Сломался я очень быстро. Все те болезненные явления, что должны были развиться во мне за несколько лет, выслали вперед свои передовые отряды: я никогда не болел, а тут в одночасье узнал, как размягчается печень, гниют кости, закисает кровь… Все это еще только предстояло мне пережить, но, глядя в зеркало, я уже видел на своем лице следы нешуточной боли, и кожа моя стала приобретать тот бумажный оттенок, который так удивлял меня в Жераре и который я считал свидетельством просветления. Оказалось, что это цвет смерти… Уже не помню, как я объяснил тебе, Эльза, свою долгую задержку в Париже, но тебе очень кстати было не до меня.
Течение времени изменилось. Лекарства частично глушили боль, а вперед выступил вопрос, на что же убить мне свои последние годы. Я знал, что жизнь моя должна теперь измениться, но не знал, как и куда ее менять. Забыться в наркотиках и разврате? Стать городским нищим? Превратиться в странствующего проповедника? — заманчиво, только вот проповедовать нечего… Или идти дальше путем Жерара, смириться и уйти вместе с ним в медитации, сесть рядом с ним и смотреть на ковры? Через какое-то время это казалось мне вполне логичным, но мешал Жерар. Я был бы готов заменить его, но влачить лямку судьбы вместе с ним значило бы и тут остаться только лишь подражателем, дублером.

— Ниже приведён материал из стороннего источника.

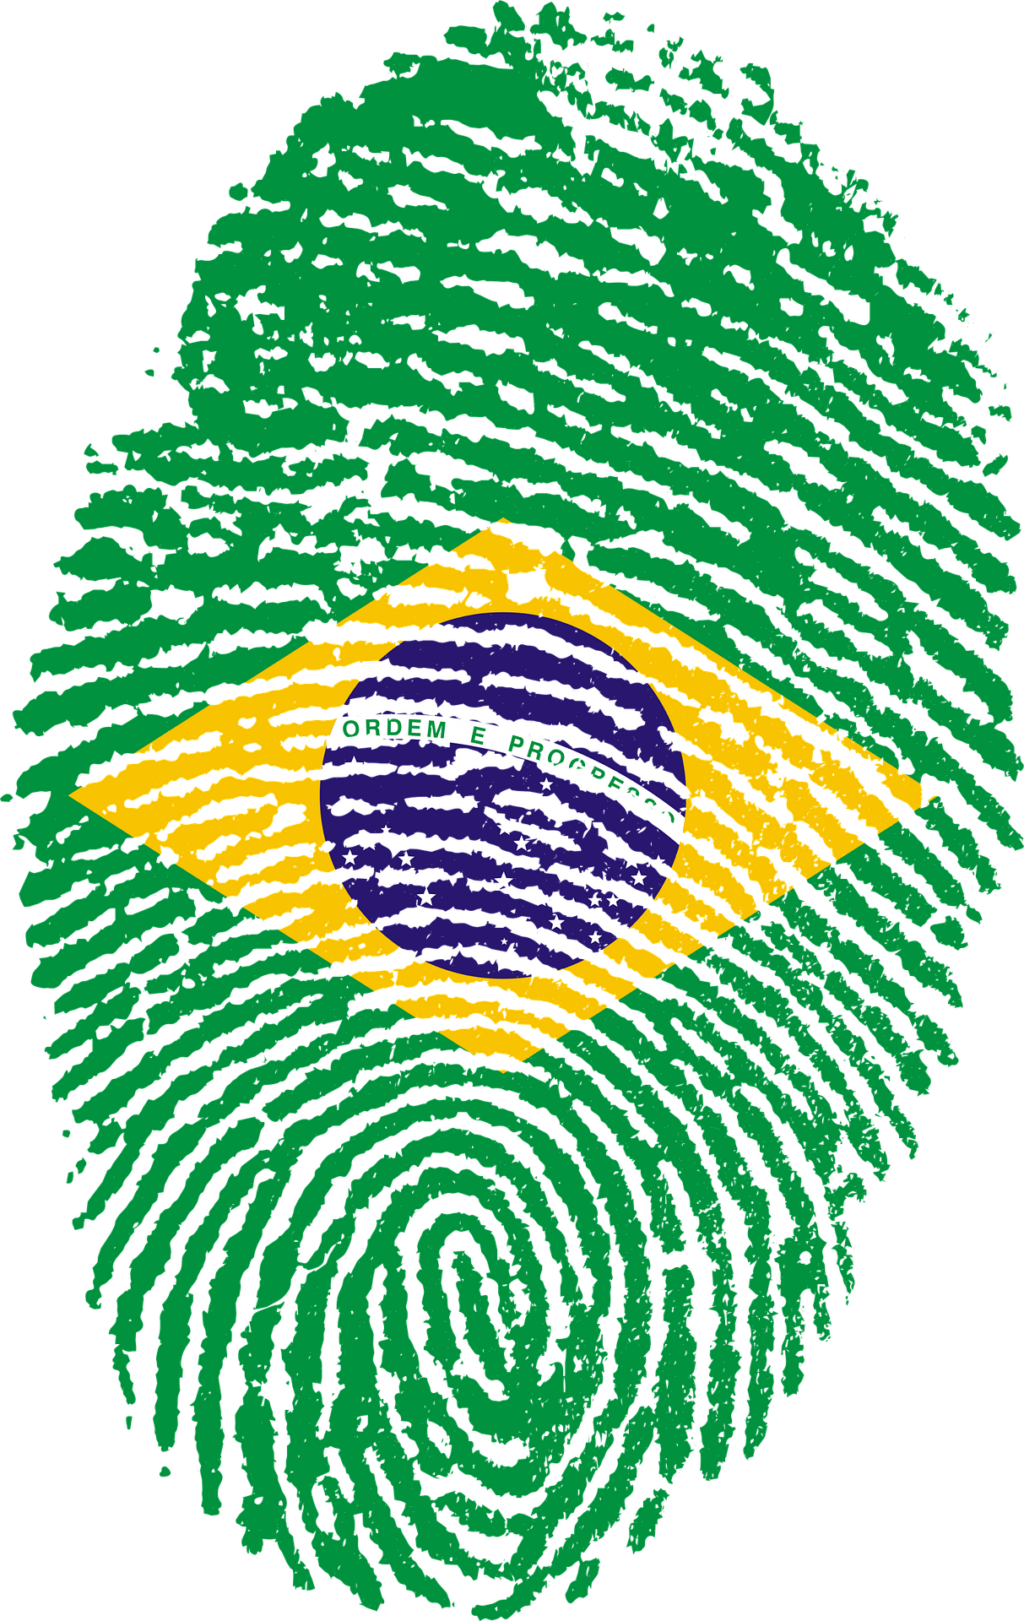 fichier-brasil-2014-jpg-wikip-dia

Но судьба все решила сама, иначе теперь и быть не могло, как я понял позже. В ту ночь позвонил Рыбак. Он сказал, что Жерар погиб. Накануне мой брат разыскал его, призвал к себе и попросил взять его в океан. И он настоял на своем, Рыбак взял с собой сухопутного, рожденного ползать Жерара. Они ушли довольно далеко от берега, когда разыгрался шторм, и Рыбак занялся снастями. В какой-то момент Жерар просто съехал за борт на своей коляске, я и сейчас не знаю, сам ли он того захотел или так было угодно Провидению. Я не знаю, что меня потрясло больше: нелепая смерть брата или сопутствующие обстоятельства: ведь получалось, что зависимость не столь односторонняя, выходит, Жерар, сидя в своем мистическом коконе, примерял на себя мою жизнь — и примерка обернулась смертью — моей смертью, ведь это меня могло десятки раз смыть за борт, Жерар поймал мою смерть.
Еще никогда в жизни я не знал так твердо, что именно мне нужно делать. Через несколько часов я был в Аркашоне. Шел дождь, нахохленный Рыбак сидел в своей хижине, пил ром. Рассказал мне, что найти тела не может. Мы вышли на берег, и в ту же секунду тело появилось: выдернулось из морских глубин прямо мне под ноги. Я испытал настоящее мистическое потрясение. Более откровенных знаков не бывает. С этого момента я становился Жераром, а его труп — моим трупом. Впрочем, ты, Эльза, прекрасно знаешь официальную версию моей смерти.